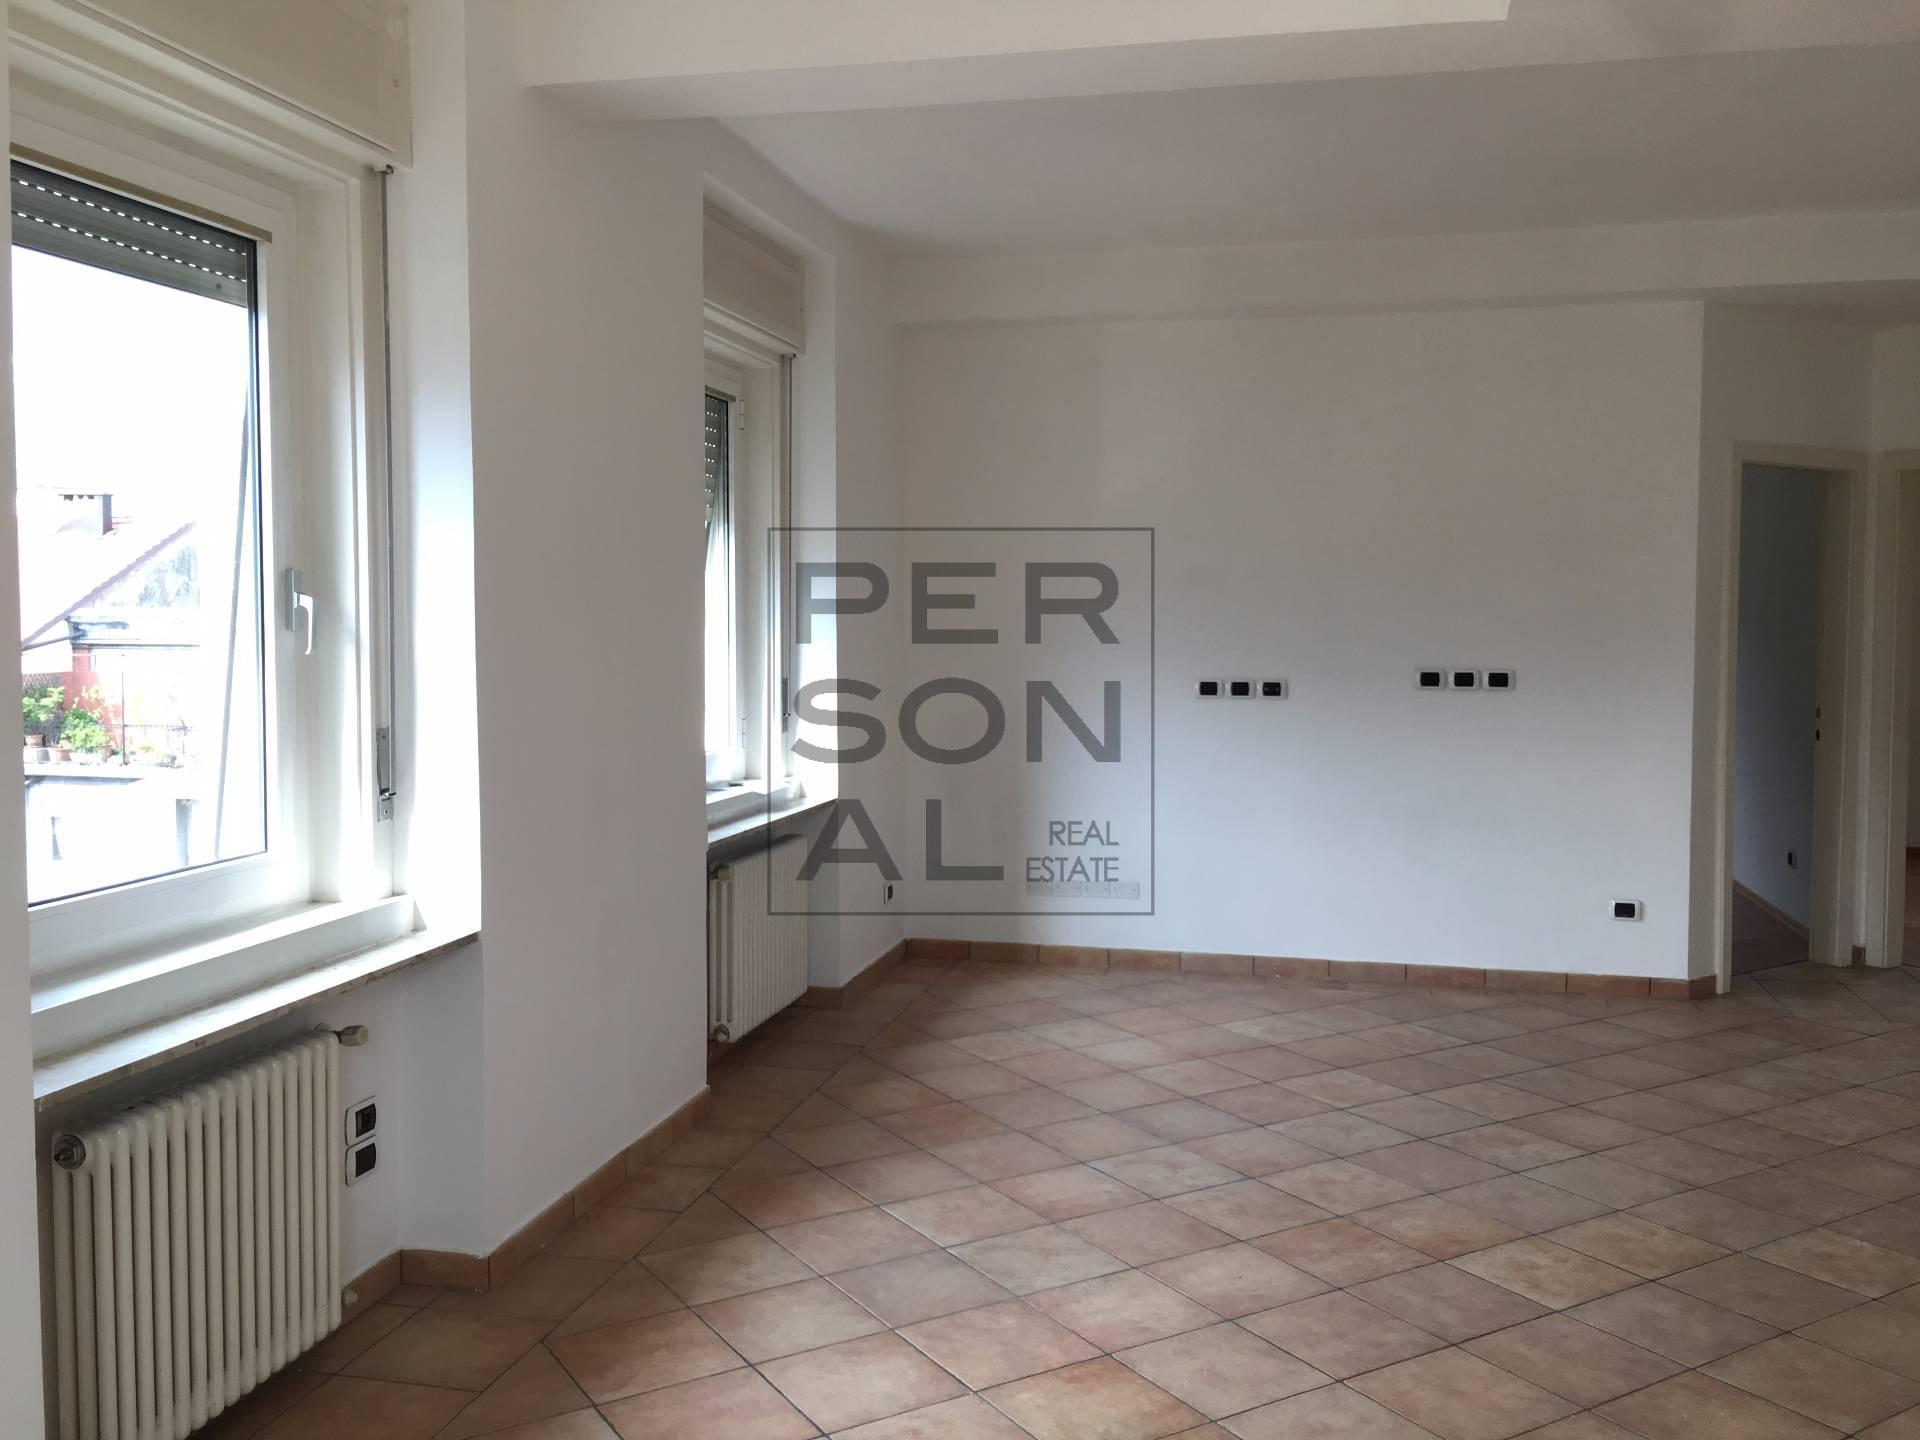 Appartamento in Affitto a Trento - Cod. XI-AFF-026
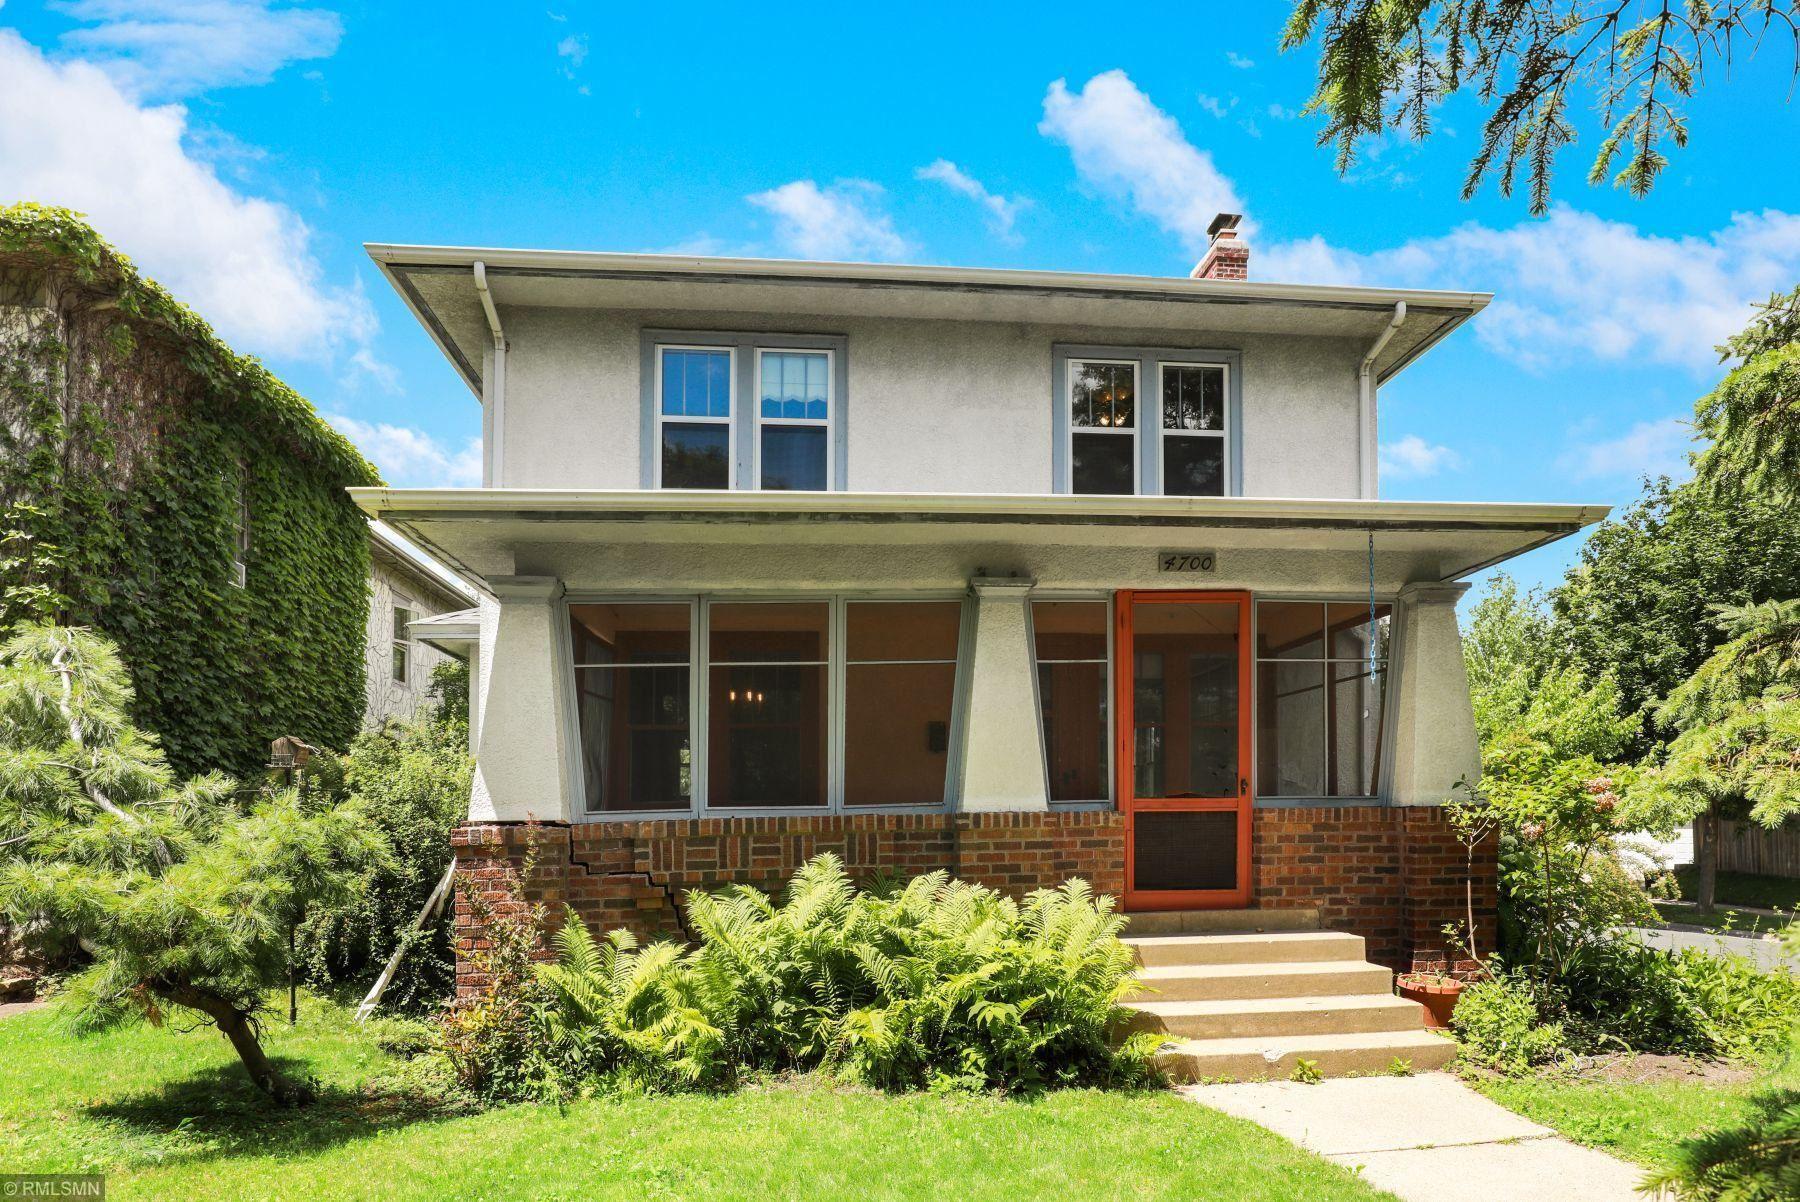 4700 Blaisdell Avenue, Minneapolis, MN 55419 - MLS#: 5609863
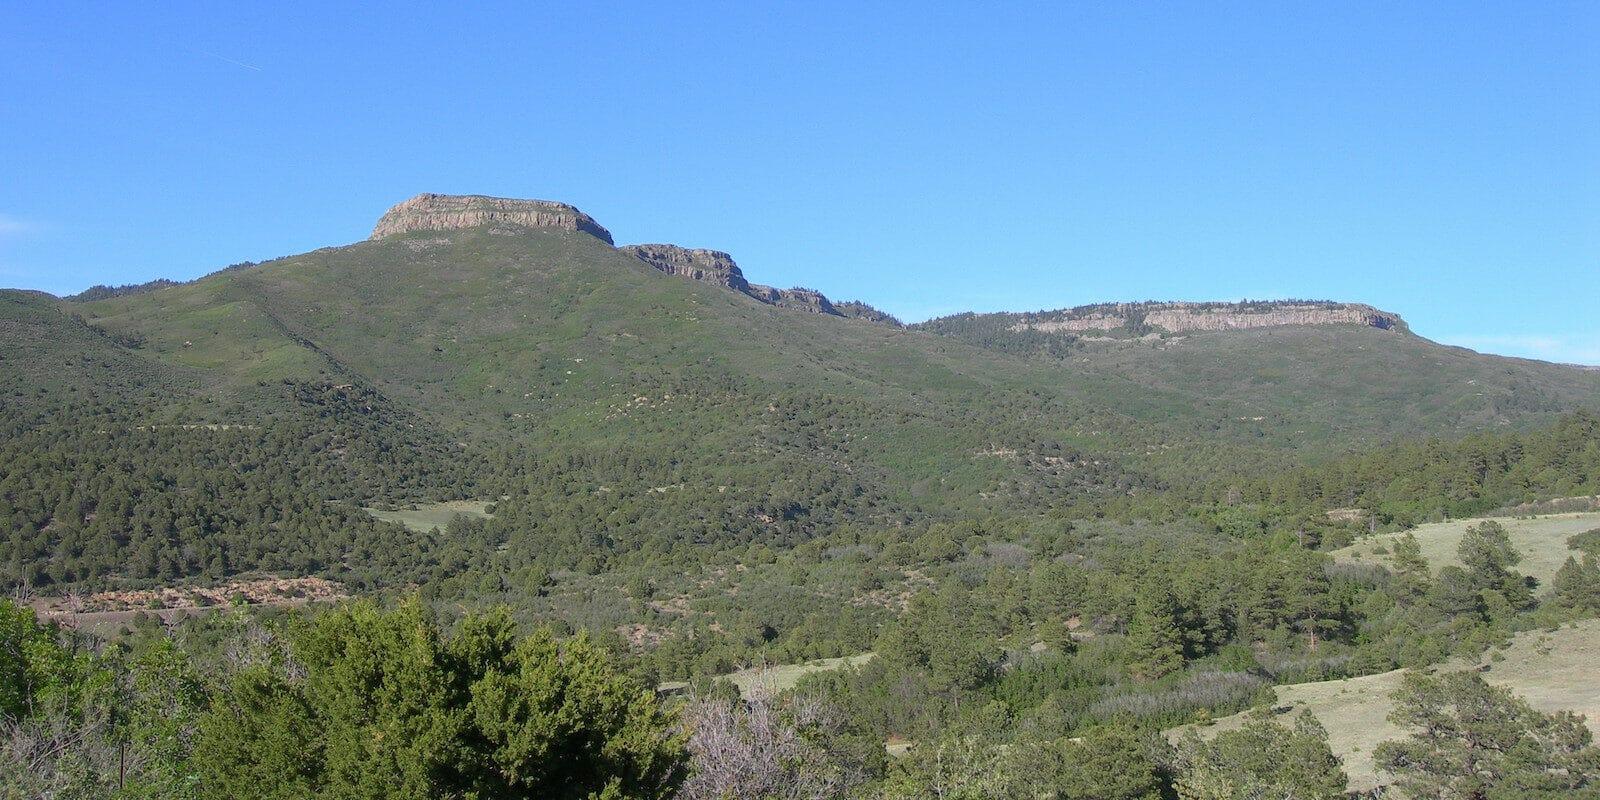 Image of Fishers Peak in Trinidad, Colorado

● Exercise
Please print the data above in its entirety, exactly, but without any picture.

● Your solution
 Appartamento in Affitto a Trento - Cod. XI-AFF-026
 4700 Blaisdell Avenue, Minneapolis, MN 55419 - MLS#: 5609863
 Image of Fishers Peak in Trinidad, Colorado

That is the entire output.